Huayra engineers are confident the car will now pass US safety checks
Pagani's new Huayra has taken a last-minute sidestep around homologation problems threatening to turn it into a track-day special.
Already postponed despite being shown
at exclusive events to customers around the world, the AMG V12-powered Huayra has struggled to meet stringent US crash and emissions standards.
Pagani officials confirmed the low-volume, independently owned Italian supercar maker, famed for its original Zonda range, had hoped to qualify for homologation on its technical and engineering data alone, but fell foul of the same ruling that caught out Lotus's Evora.
It has now re-engineered the Huayra's crash behaviour to include the two-stage passenger air bags demanded by the US government and, it believes, has cleared the final hurdle to sell cars in what it sees as its most lucrative market.
"They will often accept your engineering data for your first car, which they did with the Zonda, but they will want to see you meet everything for a second one, and that's what's happened here," observed one industry source close to the issue.
Another key Pagani supplier confirmed the same thing, insisting: "In US homologation, you get one free hit but they make you pass everything the second time, which Lotus also found out."
The company's founder, Horatio Pagani, has a wealth of experience in carbon-fibre and the Huayra has a monocoque chassis made from a carbon-fibre and titanium weave, but it breaks further from supercar tradition by using carbon-fibre subframes at the rear to hold the engine and also at the front to act as an energy-absorbing crash structure.

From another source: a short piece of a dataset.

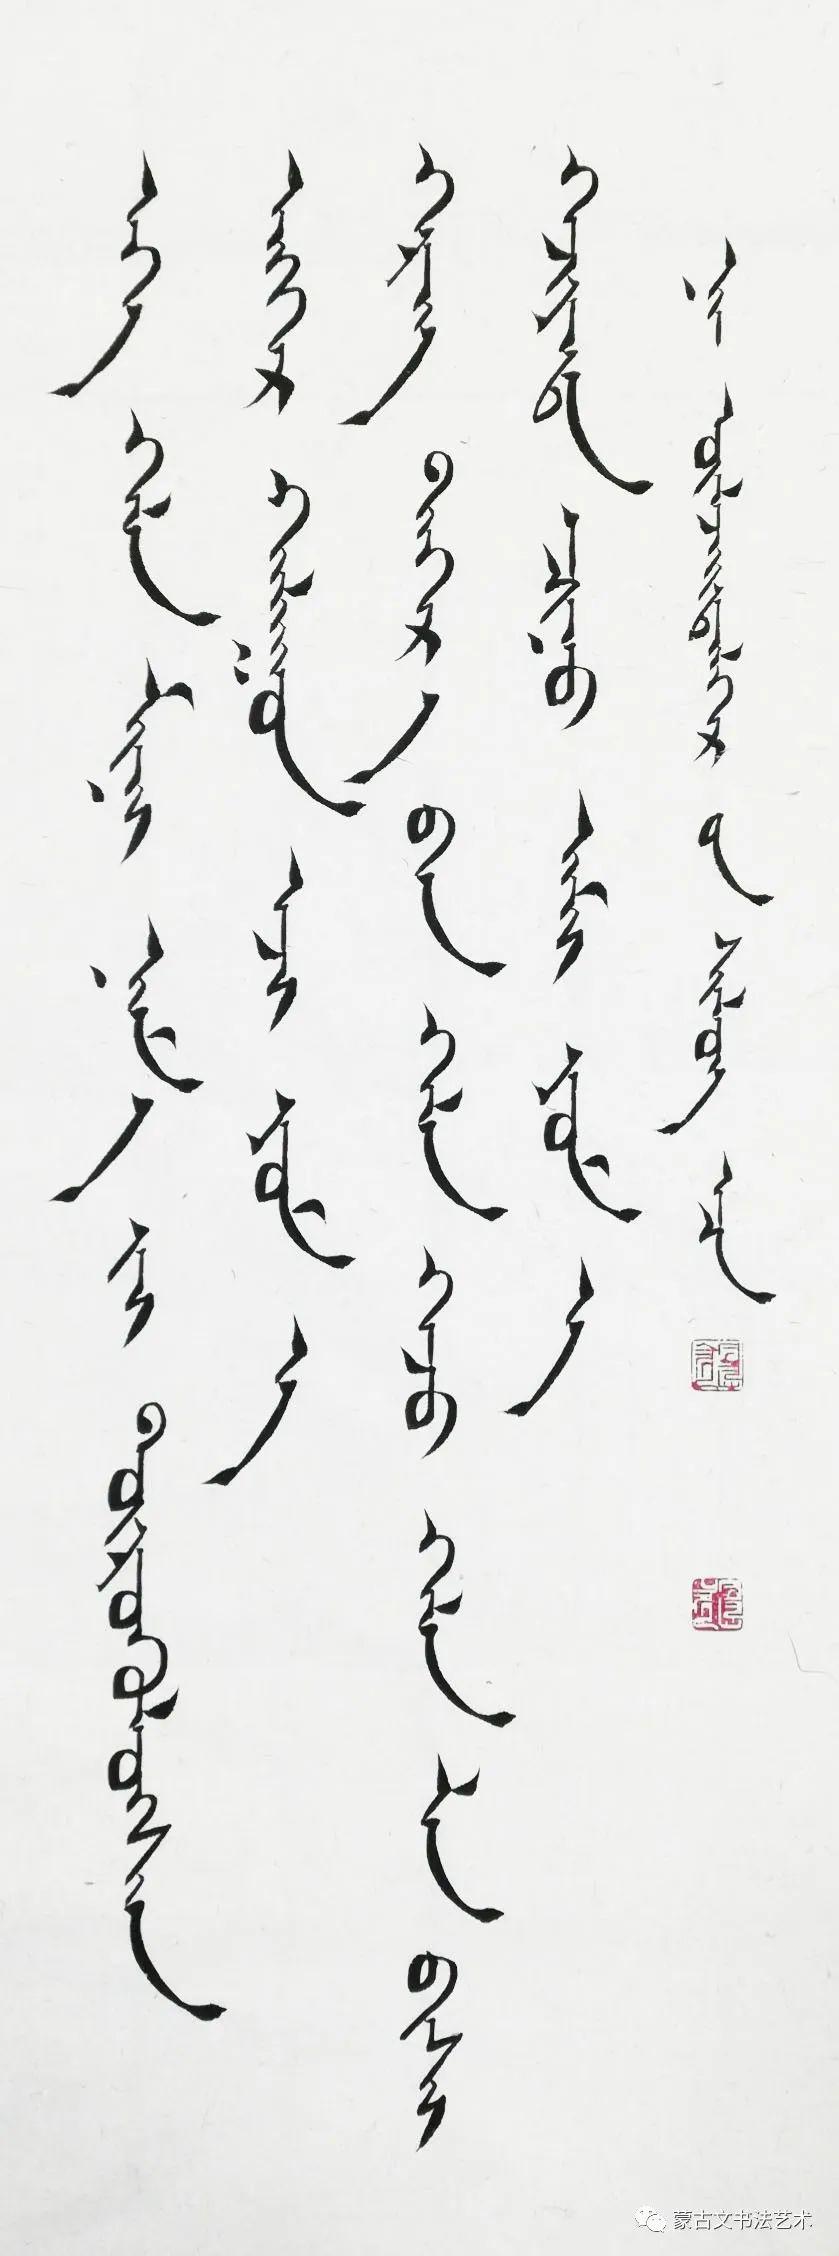 赛音吉雅蒙古文书法楷书作品 第6张

Besides crash homologation, the other US homologation issue the Huayra has is its emissions, which sources have said has failed NOx tests.

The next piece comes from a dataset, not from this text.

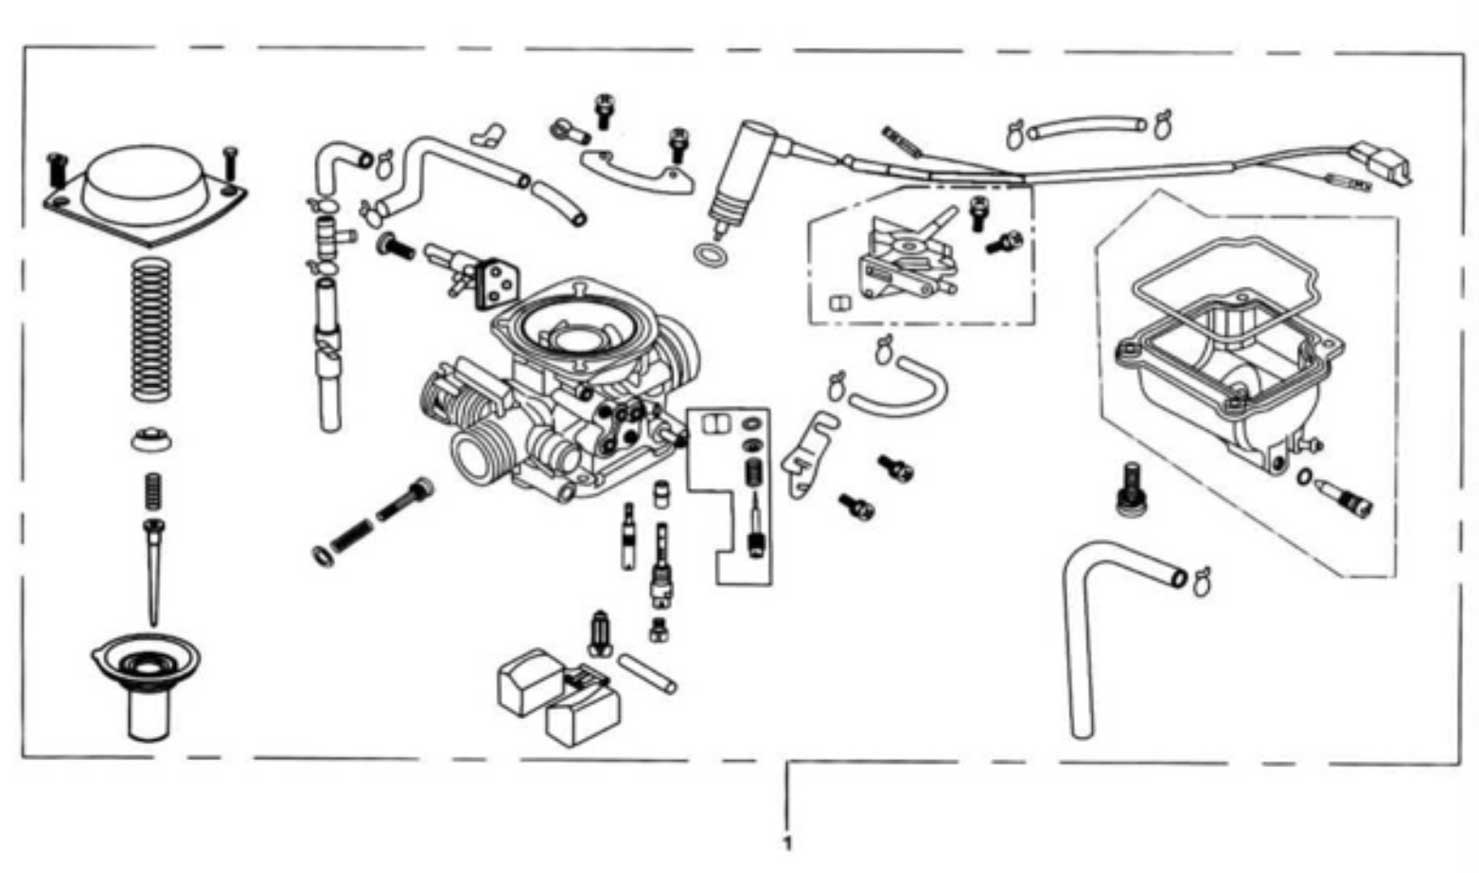 Hammerhead 150 Wiring Diagram | Wiring Diagram on

The dry-sumped V12, prepared to Pagani specifications by AMG to have 690hp of power and 1,000Nm of torque from its 6.0L capacity, has not met the test limits despite being engineered with them in mind by Mercedes-Benz's performance offshoot. "From our point of view, the problem is that the show car is also the homologation car, and it gets fired up for customers, then driven a handful of metres to show them it runs, then it gets driven back again, 10 or 20 metres at a time," an AMG source confirmed.
"That being done repeatedly has fatally poisoned the catalyst on the test car, so it won't pass emissions regulations. That's easy to fix, though. They just fit it with a new engine."
The rear-wheel-drive supercar runs an XTrac gearbox and weighs a claimed 1,350kg, with 0-to-100kph times said to be in the sub-three second range.
It is due to go on sale in spring next year priced at about Dh4.8 million.